== Data excerpts ==

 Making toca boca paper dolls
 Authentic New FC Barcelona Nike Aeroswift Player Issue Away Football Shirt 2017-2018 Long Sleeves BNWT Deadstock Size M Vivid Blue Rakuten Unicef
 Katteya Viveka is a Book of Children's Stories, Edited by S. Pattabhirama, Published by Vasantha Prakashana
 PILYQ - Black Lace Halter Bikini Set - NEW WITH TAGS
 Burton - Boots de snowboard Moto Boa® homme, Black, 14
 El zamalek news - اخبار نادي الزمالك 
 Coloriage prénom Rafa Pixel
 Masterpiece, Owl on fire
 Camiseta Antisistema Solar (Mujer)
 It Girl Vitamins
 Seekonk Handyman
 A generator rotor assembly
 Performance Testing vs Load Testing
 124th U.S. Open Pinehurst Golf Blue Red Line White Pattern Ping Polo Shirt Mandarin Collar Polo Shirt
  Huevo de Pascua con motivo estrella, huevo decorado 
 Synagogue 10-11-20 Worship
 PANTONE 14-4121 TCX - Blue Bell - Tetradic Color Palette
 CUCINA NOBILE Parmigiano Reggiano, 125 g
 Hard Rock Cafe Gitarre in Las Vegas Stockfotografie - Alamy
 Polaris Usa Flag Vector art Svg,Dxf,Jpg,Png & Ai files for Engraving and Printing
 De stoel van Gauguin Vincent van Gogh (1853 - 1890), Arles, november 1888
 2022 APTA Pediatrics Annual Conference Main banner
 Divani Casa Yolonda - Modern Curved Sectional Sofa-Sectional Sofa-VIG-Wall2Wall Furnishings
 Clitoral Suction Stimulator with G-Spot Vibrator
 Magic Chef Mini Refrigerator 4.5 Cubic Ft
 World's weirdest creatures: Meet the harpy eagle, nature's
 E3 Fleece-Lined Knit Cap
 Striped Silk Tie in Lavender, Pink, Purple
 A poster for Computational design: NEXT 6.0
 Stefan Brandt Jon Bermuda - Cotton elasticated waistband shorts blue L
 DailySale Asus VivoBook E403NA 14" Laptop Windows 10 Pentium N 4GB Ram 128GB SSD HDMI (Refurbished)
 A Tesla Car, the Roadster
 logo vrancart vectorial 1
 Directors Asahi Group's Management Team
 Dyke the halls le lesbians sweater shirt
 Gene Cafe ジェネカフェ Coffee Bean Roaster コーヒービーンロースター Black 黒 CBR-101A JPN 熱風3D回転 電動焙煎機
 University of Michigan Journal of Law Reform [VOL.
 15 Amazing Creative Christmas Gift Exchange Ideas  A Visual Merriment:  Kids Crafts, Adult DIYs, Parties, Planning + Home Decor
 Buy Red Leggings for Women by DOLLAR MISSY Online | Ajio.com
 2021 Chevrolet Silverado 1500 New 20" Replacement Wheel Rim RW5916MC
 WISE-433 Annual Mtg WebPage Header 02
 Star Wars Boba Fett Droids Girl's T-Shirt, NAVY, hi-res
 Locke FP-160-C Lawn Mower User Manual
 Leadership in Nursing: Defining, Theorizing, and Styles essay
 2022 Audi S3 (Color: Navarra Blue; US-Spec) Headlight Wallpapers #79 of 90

===

Exactly as they appear, retype the lines from the start of the records through the line containing "Dyke the halls le lesbians sweater shirt".

 Making toca boca paper dolls
 Authentic New FC Barcelona Nike Aeroswift Player Issue Away Football Shirt 2017-2018 Long Sleeves BNWT Deadstock Size M Vivid Blue Rakuten Unicef
 Katteya Viveka is a Book of Children's Stories, Edited by S. Pattabhirama, Published by Vasantha Prakashana
 PILYQ - Black Lace Halter Bikini Set - NEW WITH TAGS
 Burton - Boots de snowboard Moto Boa® homme, Black, 14
 El zamalek news - اخبار نادي الزمالك 
 Coloriage prénom Rafa Pixel
 Masterpiece, Owl on fire
 Camiseta Antisistema Solar (Mujer)
 It Girl Vitamins
 Seekonk Handyman
 A generator rotor assembly
 Performance Testing vs Load Testing
 124th U.S. Open Pinehurst Golf Blue Red Line White Pattern Ping Polo Shirt Mandarin Collar Polo Shirt
  Huevo de Pascua con motivo estrella, huevo decorado 
 Synagogue 10-11-20 Worship
 PANTONE 14-4121 TCX - Blue Bell - Tetradic Color Palette
 CUCINA NOBILE Parmigiano Reggiano, 125 g
 Hard Rock Cafe Gitarre in Las Vegas Stockfotografie - Alamy
 Polaris Usa Flag Vector art Svg,Dxf,Jpg,Png & Ai files for Engraving and Printing
 De stoel van Gauguin Vincent van Gogh (1853 - 1890), Arles, november 1888
 2022 APTA Pediatrics Annual Conference Main banner
 Divani Casa Yolonda - Modern Curved Sectional Sofa-Sectional Sofa-VIG-Wall2Wall Furnishings
 Clitoral Suction Stimulator with G-Spot Vibrator
 Magic Chef Mini Refrigerator 4.5 Cubic Ft
 World's weirdest creatures: Meet the harpy eagle, nature's
 E3 Fleece-Lined Knit Cap
 Striped Silk Tie in Lavender, Pink, Purple
 A poster for Computational design: NEXT 6.0
 Stefan Brandt Jon Bermuda - Cotton elasticated waistband shorts blue L
 DailySale Asus VivoBook E403NA 14" Laptop Windows 10 Pentium N 4GB Ram 128GB SSD HDMI (Refurbished)
 A Tesla Car, the Roadster
 logo vrancart vectorial 1
 Directors Asahi Group's Management Team
 Dyke the halls le lesbians sweater shirt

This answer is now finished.